Fotografava solo la “grandezza”: aristocratiche con figli e cani aristocratici, poeti, scrittrici, dive intellettuali, generali, gerarchi, membri di case regnanti. Fotografava gente bellissima che lei riusciva a rendere ancor più bella: le sue donne sembravano sempre regine inavvicinabili eppure dolcissime, i suoi uomini forti, intelligenti, dominatori.

Naturale che Ghitta Carell, ebrea, ungherese, classe 1899, fosse, specie negli anni Trenta italiani, la fotografa e ritrattista più richiesta e desiderata dell’Italietta in camicia nera. Con una lieve aureola di luce intorno alla testa, gli occhi luminosi, l’abbigliamento enfatizzato come nei vecchi dipinti di grandi re e regine -alla Giovanni Boldini-, i personaggi di quell’epoca non erano, nelle sue fotografie, se stessi, ma piuttosto come volevano essere ed apparire: maestosi, splendidi, misteriosi, affascinanti e soprattutto eleganti, raffinati, di una classe rarefatta e intoccabile.
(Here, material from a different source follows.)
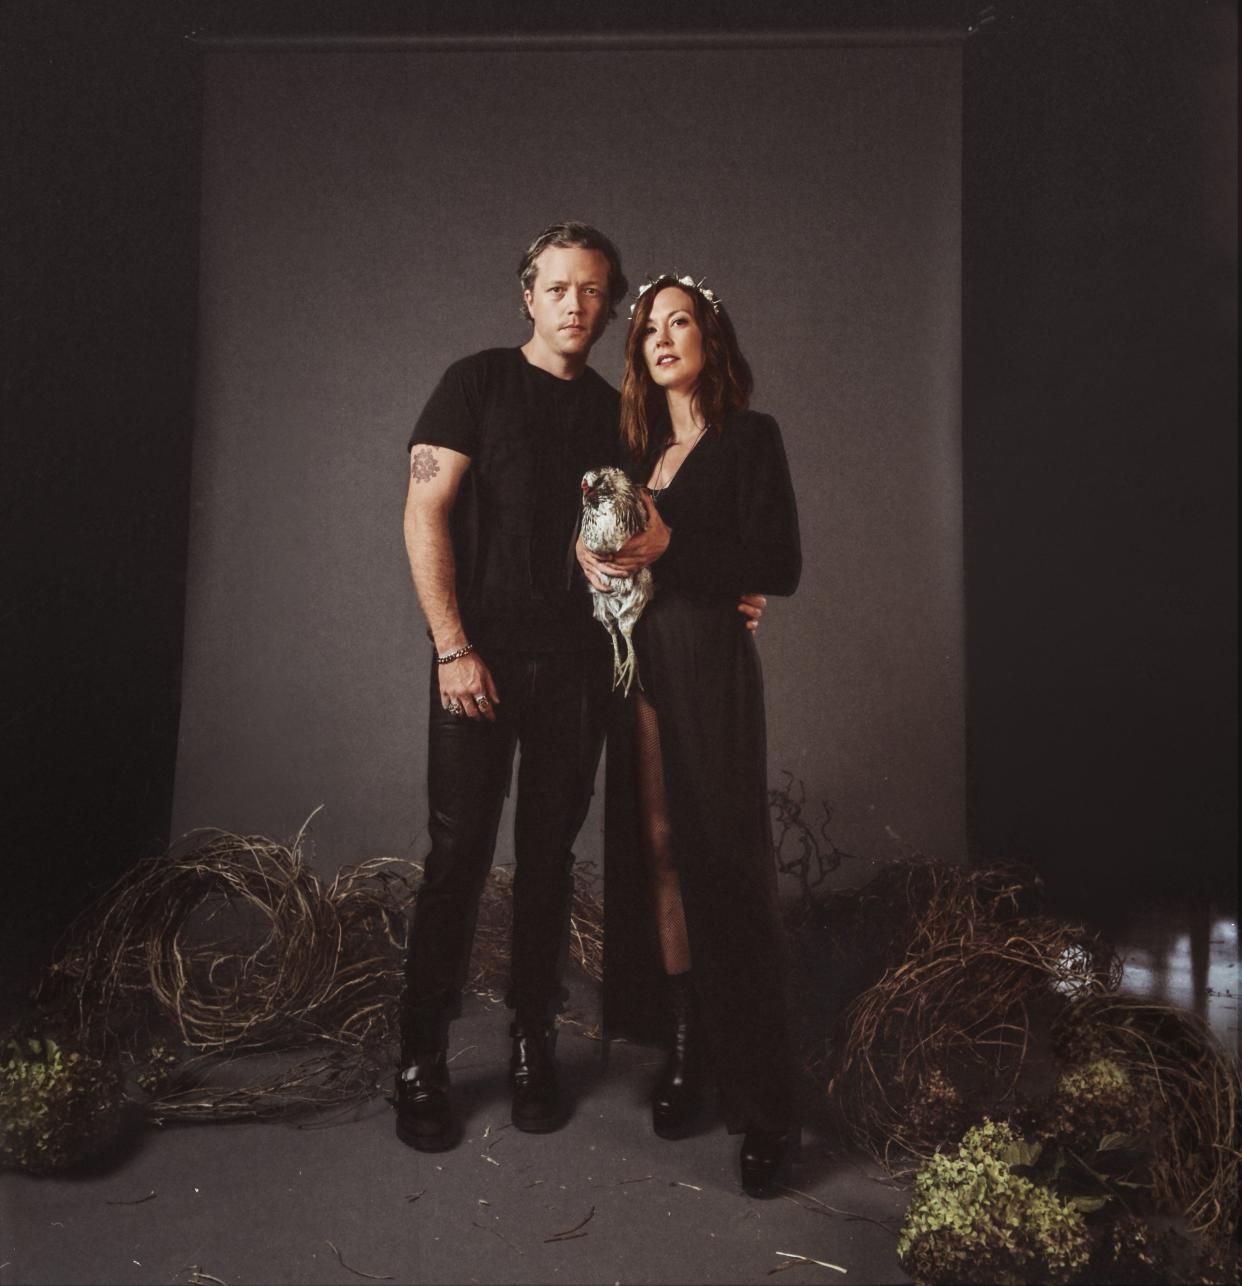 Record Store Day co-ambassadors Jason Isbell and Amanda Shires, husband and wife musicians. Each will be performing at a record store on Saturday, the day of the retail event.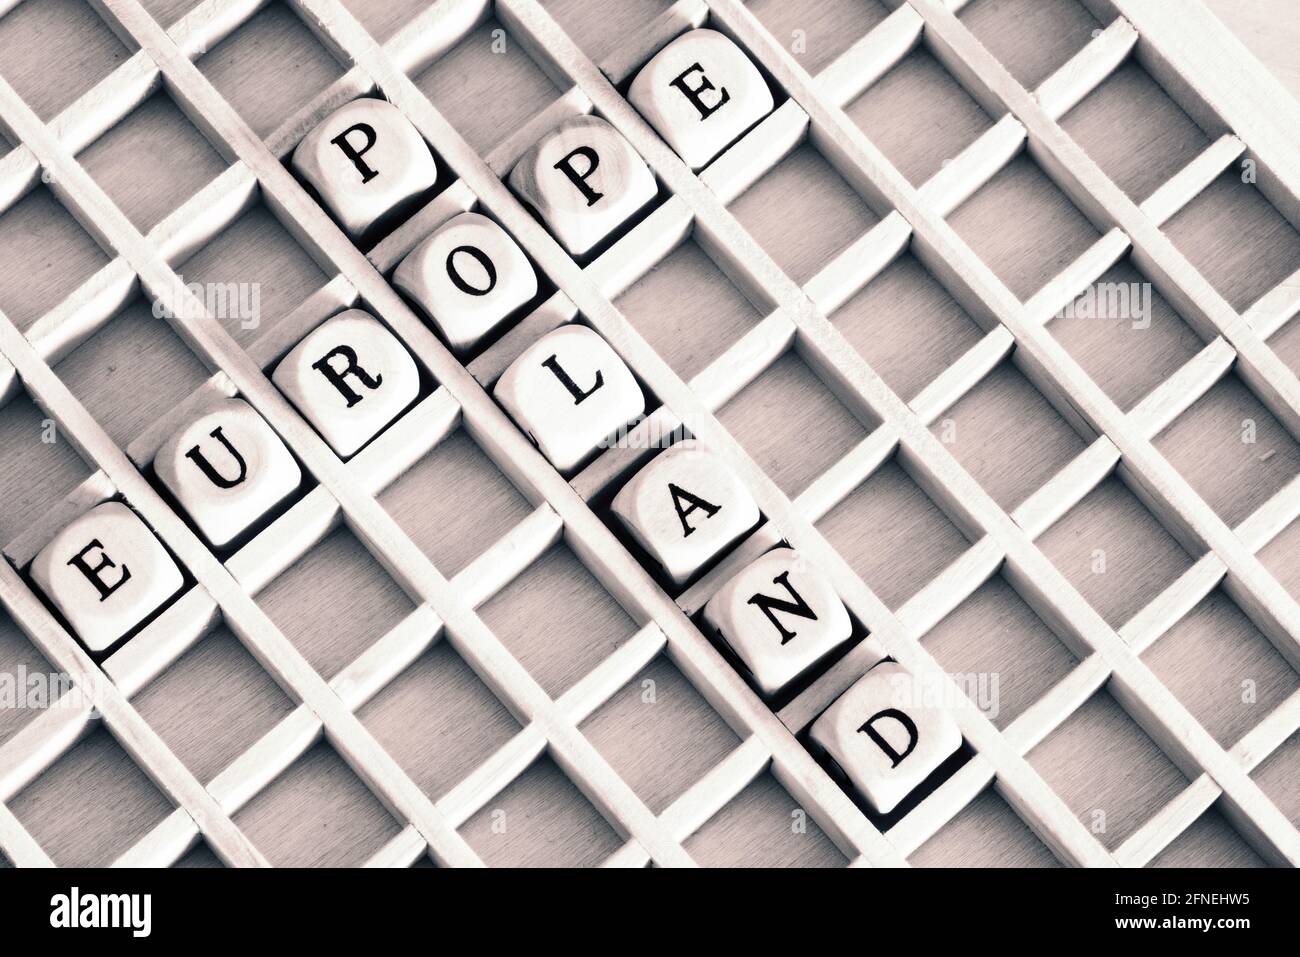 Words Poland and Europe Stock Photo

Più che personaggi reali, nelle lastre di Ghitta Carell, Edda e Costanzo Ciano, Benito Mussolini e Cesare Poggi, Alberto Savinio e Giovanni Papini, Alba De Cespedes e Vittorio Emanuele di Savoia, i Marone Cinzano, i Gonzaga, i Diaz, i Borghese, i Cicogna, i Visconti, i Colonna…, diventavano protagonisti dl romanzi ungheresi, emblemi di una vita aristocratica e lontana che non toccava l’Italia di allora, fantasie di grandezza, esempi inimitabili per la classe borghese.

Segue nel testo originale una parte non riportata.